In a simple form of the apparatus the antifreeze can be discarded after use or recirculated and replaced at regular service intervals. However, a low maintenance system can be used in which the mixture of used antifreeze and condensate is diverted to an evaporating dish 14 which uses heat from the compressor 4 to drive off water from the liquid. After a period of time the concentrated antifreeze can be recirculated to the reservoir 8 using a pump 15. A sensor may also be arranged to monitor the concentration of the liquid in the evaporation tray 14 and activate the pump 15 when a suitable concentration is achieved.
The vapour compression circuit will normally operate intermittently when required in order to maintain the refrigeration compartment at a target operating temperature, typically around -18 °C. This is normally achieved by a refrigeration controller 18 which monitors the temperature of the compartment 1 using a temperature probe 19. Since the probe 19 is also used for defrosting, as explained below, it is mounted in contact with the cooling surface of the evaporator 3, at the bottom of the evaporator.
However, the refrigeration controller could be provided with a separate temperature probe mounted in any suitable position.
The apparatus includes a defrost controller 20 which monitors the evaporator temperature Tevap, e.g. using the temperature sensor 19, and the air temperature within the refrigeration compartment Tint by means of a further sensor 22. When the temperature difference between the evaporator temperature and the internal air temperture within the refrigeration compartment increases to a predetermined figure indicative of significant ice buildup, e.g. 6 °C below the internal air temperature, a defrosting operation is commenced.
An alternative method of triggering a defrost operation is to monitor the rate of fall of the evaporator temperature when the vapour compression circuit operates. Since icing of the evaporator will reduce heat exchange with the refrigeration compartment this will be reflected in an increased rate of temperature fall which can be used to trigger auto-defrost.
The defrost controller commences a defrost operation by inhibiting the refrigeration controller 18, thereby turning off the compressor so that no evaporator cooling can occur. Although it is possible to commence defrosting the evaporator immediately it is also possible to wait until the evaporator temperature approaches the internal air temperature. In either
V
case the defrost controller generates a defrost signal D which is used to open the flow control device 9 to wash the ice from the evaporator. If the evaporator is allowed to reach the internal air temperature before defrosting it is possible that the ice will be at the same temperature as the air, but if defrosting commences soon after the evaporator has been running the ice temperature may be lower than the internal air temperature. Whichever condition applies, when the antifreeze is released onto the evaporator the evaporator temperature will initially fall again by a few degrees, say 4 °C, as the ice melts. The defrost controller is preferably arranged to detect that the ice has stopped melting so that this condition may be used to terminate the defrosting operation. The controller can recognise the melting ice irrespective of the temperature conditions which prevail at the start of a defrost operation because of the temperature fall which always occurs as the ice melts. Melting starts at the top of the evaporator and progresses downwards towards the bottom of the evaporator where the temperature sensor 19 is located. The controller can keep adding antifreeze until the ice at the bottom starts to melt, i.e. drops below the internal air temperature, and then rises towards the internal air temperature when the ice is all melted. It is possible to estimate how much antifreeze is normally required to melt an iced-up evaporator and this quantity can be released at a slow rate, allowing say an hour to melt. Defrosting can be terminated sooner if the temperature at the bottom of the evaporator falls and then rises again. If all the ice has not been removed at the end of the designated defrosting period this does not pose a problem since the next defrost operation would simply commence a little sooner.

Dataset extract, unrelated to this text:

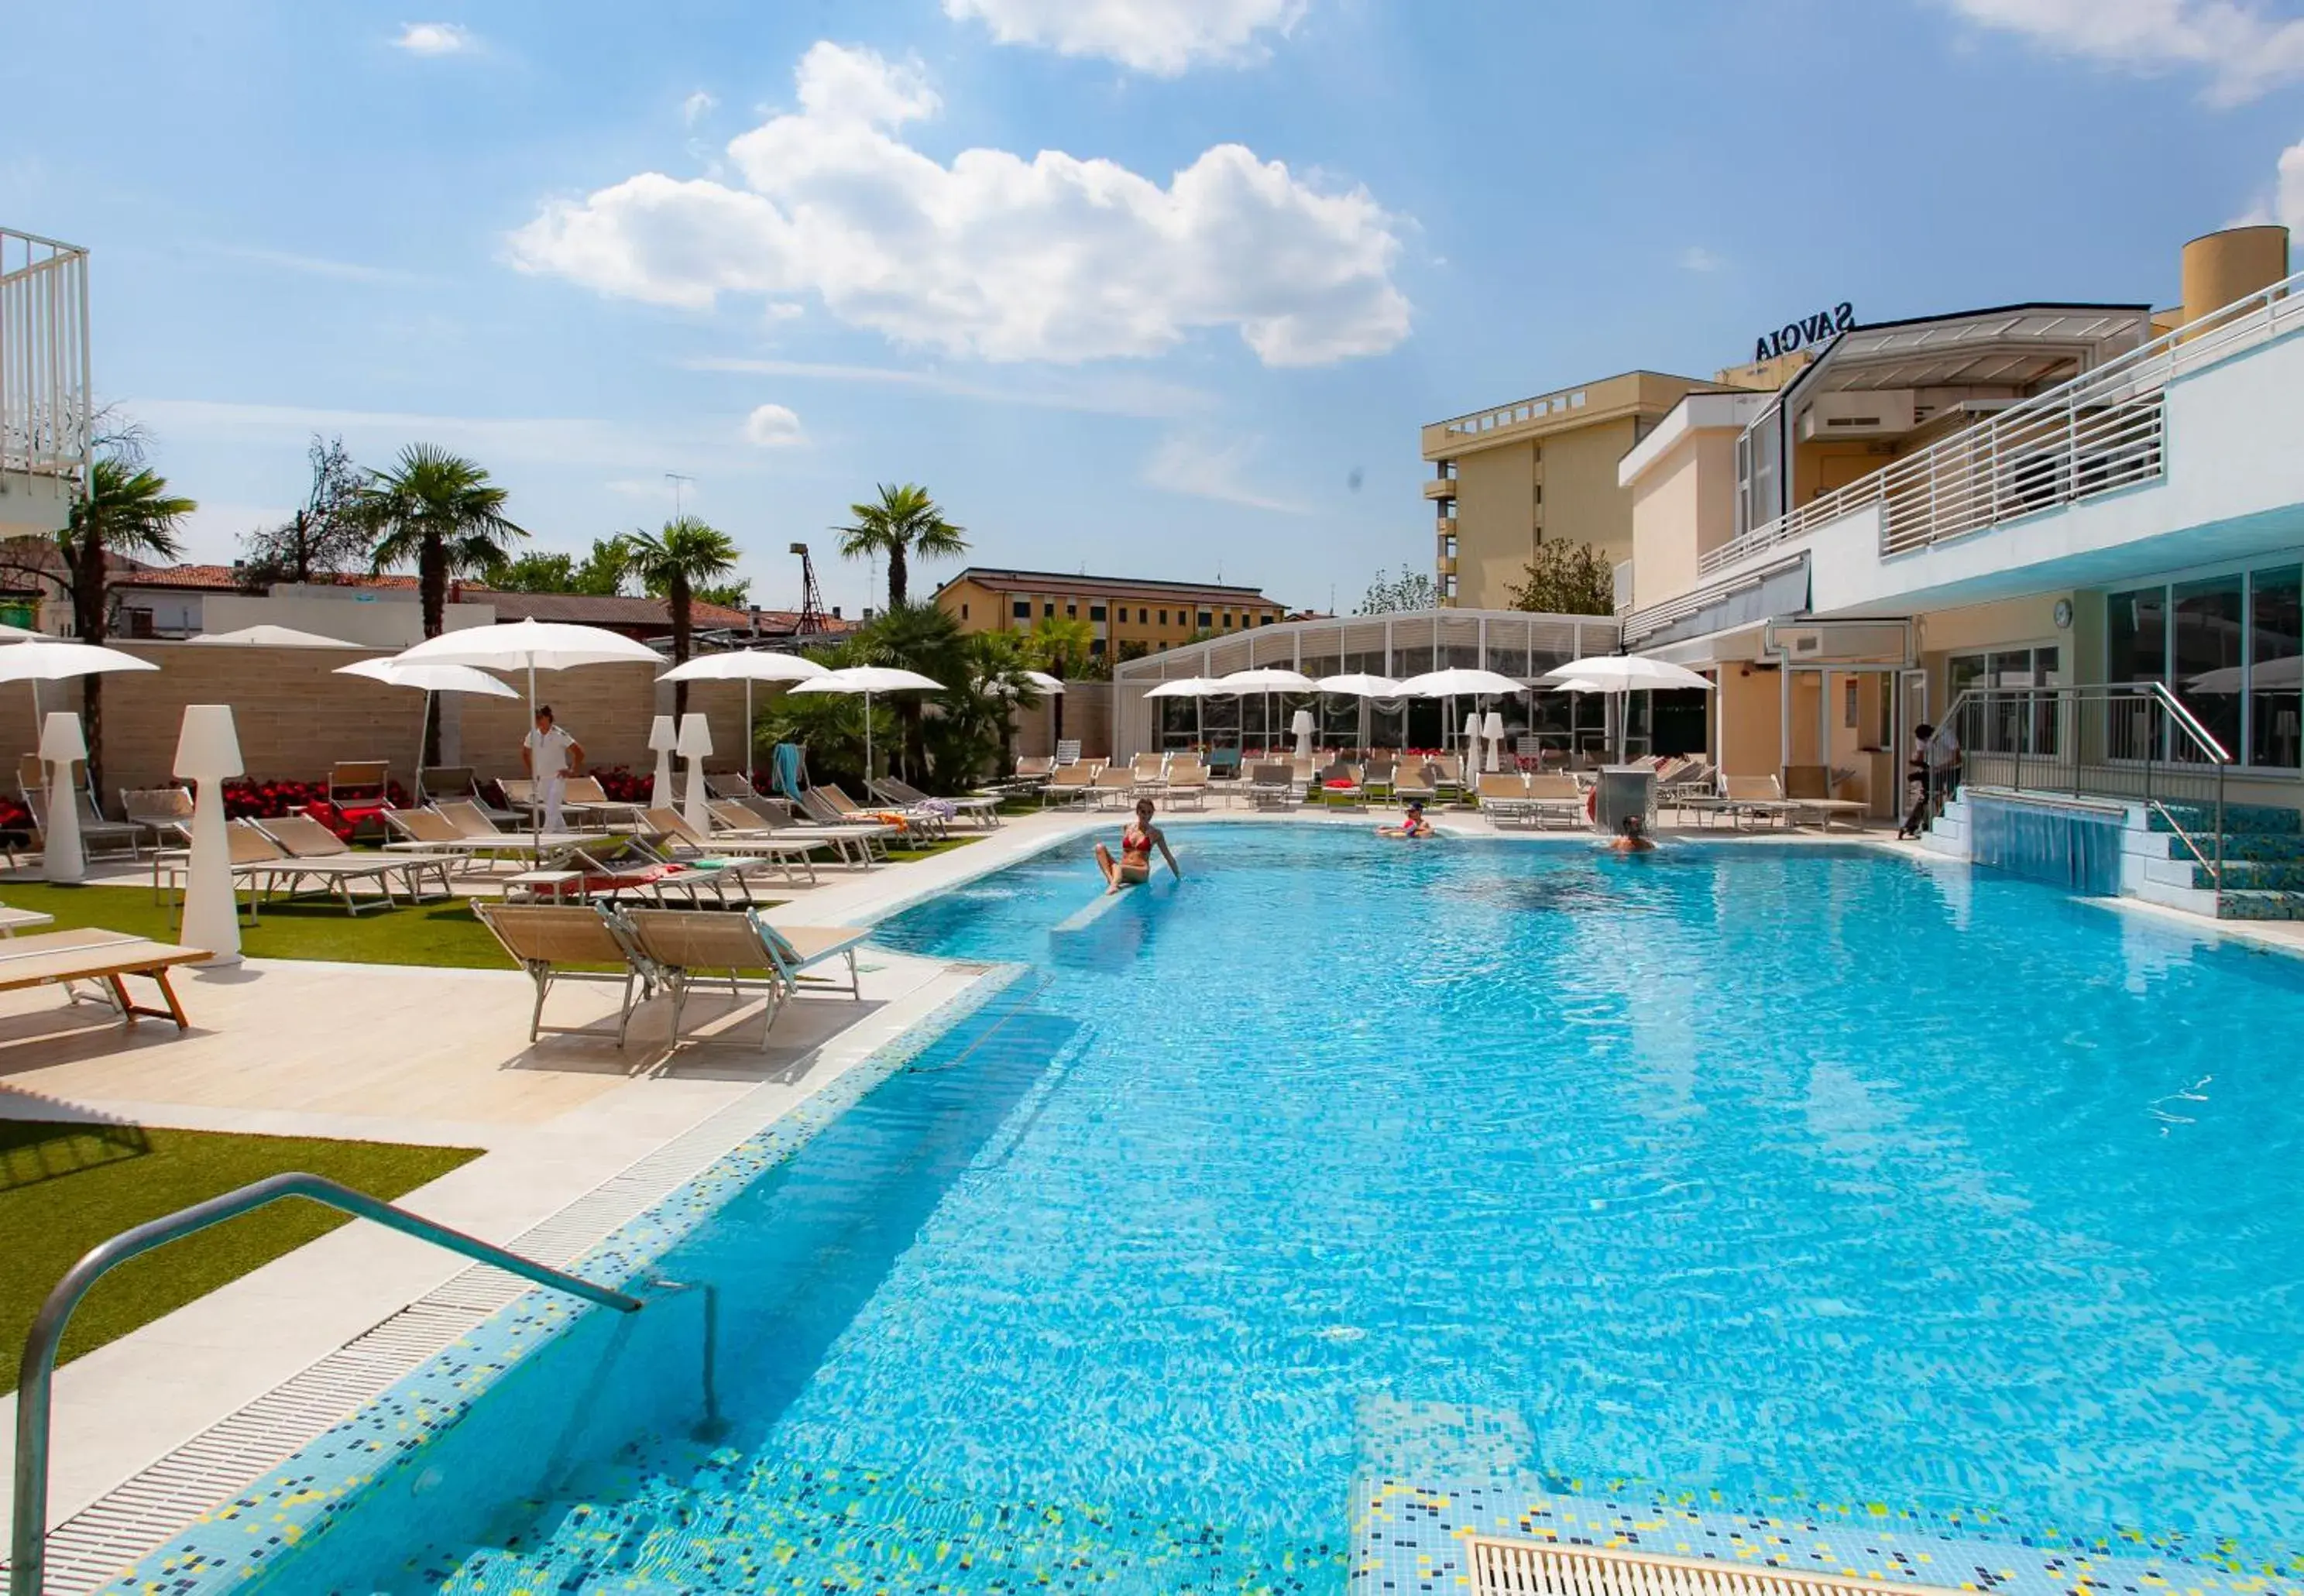 Swimming Pool in Palace Hotel Meggiorato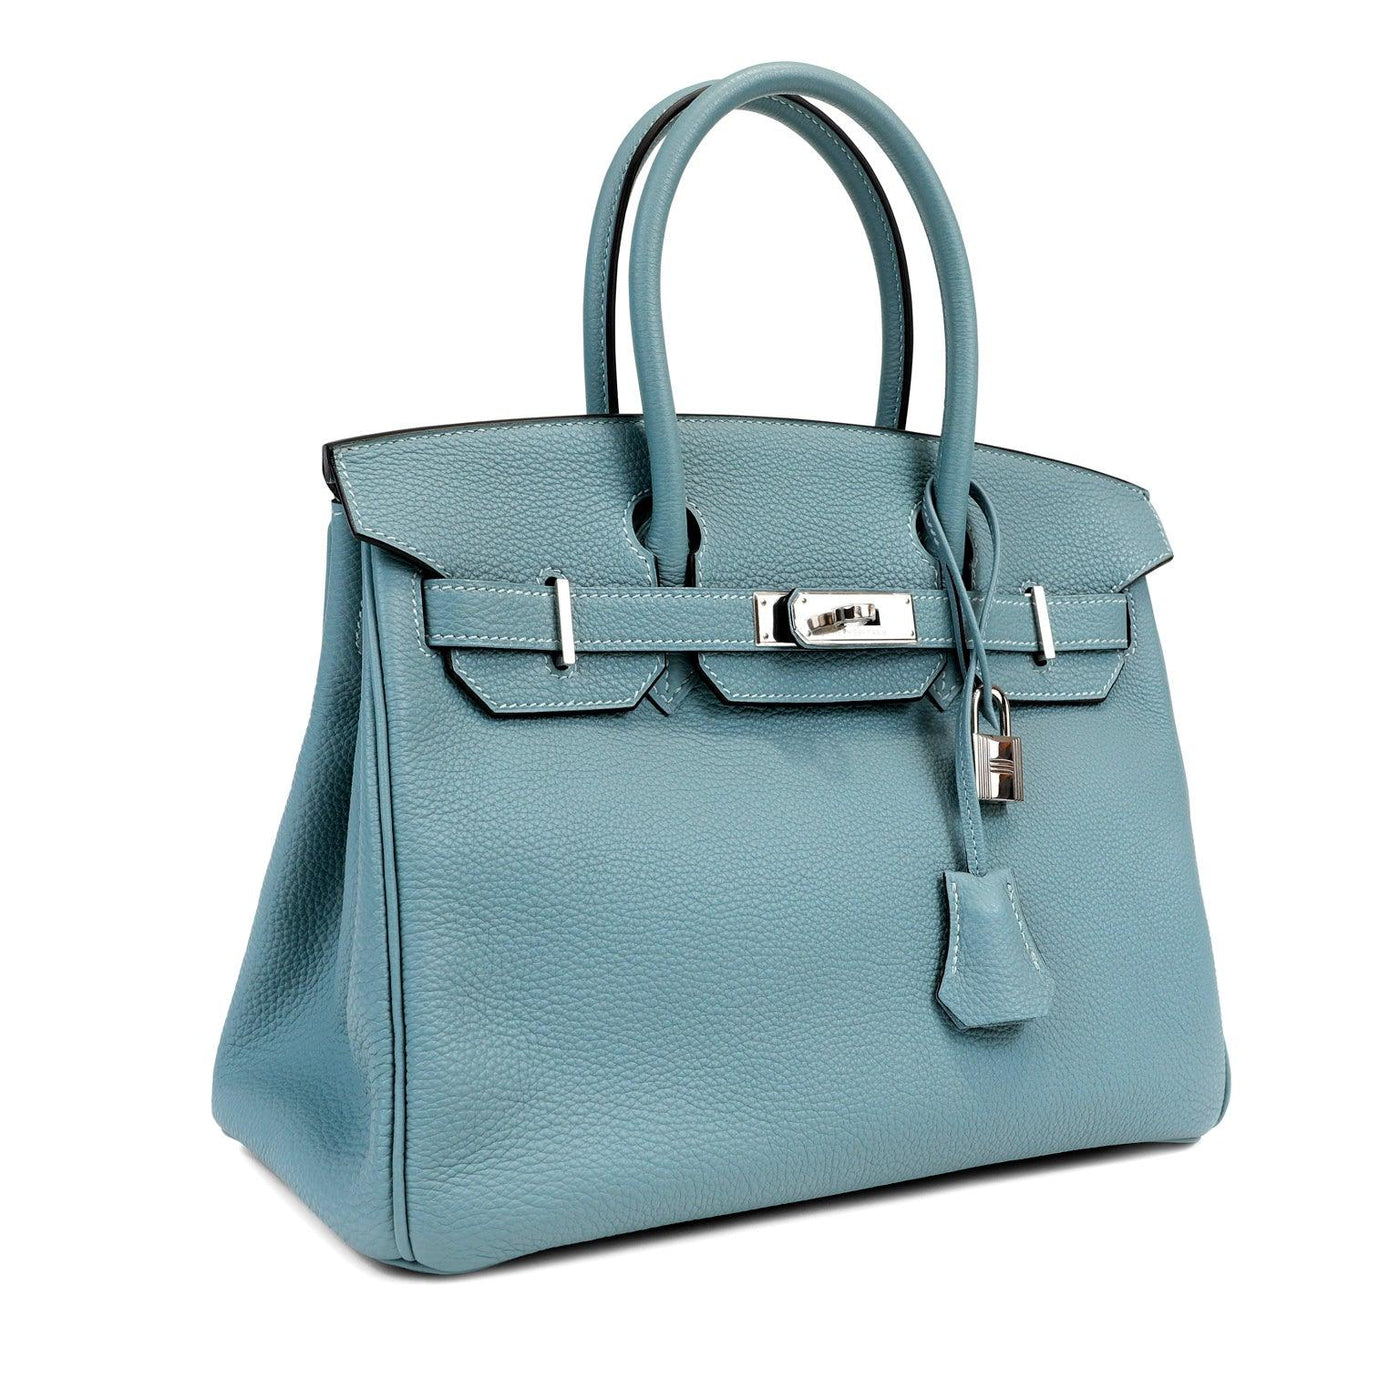 Hermès 30cm Blue Sky Togo Birkin Bag - Only Authentics

Normal operation of the refrigeration circuit can be allowed to recommence when defrosting has ended.
When condensate freezes on the cooling surface of the evaporator 3 about 80 calories per gram of water is used in simply changing state from water to ice. This represents wasted heat input since it is not used to reduce the temperature of the freezer contents. In a conventional freezer additional heat input in excess of 80 calories per gram is required to melt the ice, which further adds to the running costs. With the present invention, if the condensate is prevented from freezing there is a clear energy saving of 80 calories per gram of condensate, but even if icing is allowed to take place there is still an energy saving because, assuming adiabatic conditions, the melting ice removes 80 calories per gram of ice directly from freezer compartment, cooling the freezer contents. The energy saving is a significant proportion of the running costs when the freezer is simply maintaining the sub-zero temperature of the frozen product. With the present refrigeration apparatus the only significant energy input requirement is to remove heat conducted through the walls of the freezer compartment or entering through an opened door.
It is also possible to use a similar defrosting system with other means of de-icing the evaporator, e.g. an electrical heating element, and still achieve a significant improvement in running costs.
Whilst the above description places emphasis on the areas which are believed to be new and addresses specific problems which have been identified, it is intended that the features disclosed herein may be used in any combination which is capable of providing a new and useful advance in the art. -10-
Claims (16)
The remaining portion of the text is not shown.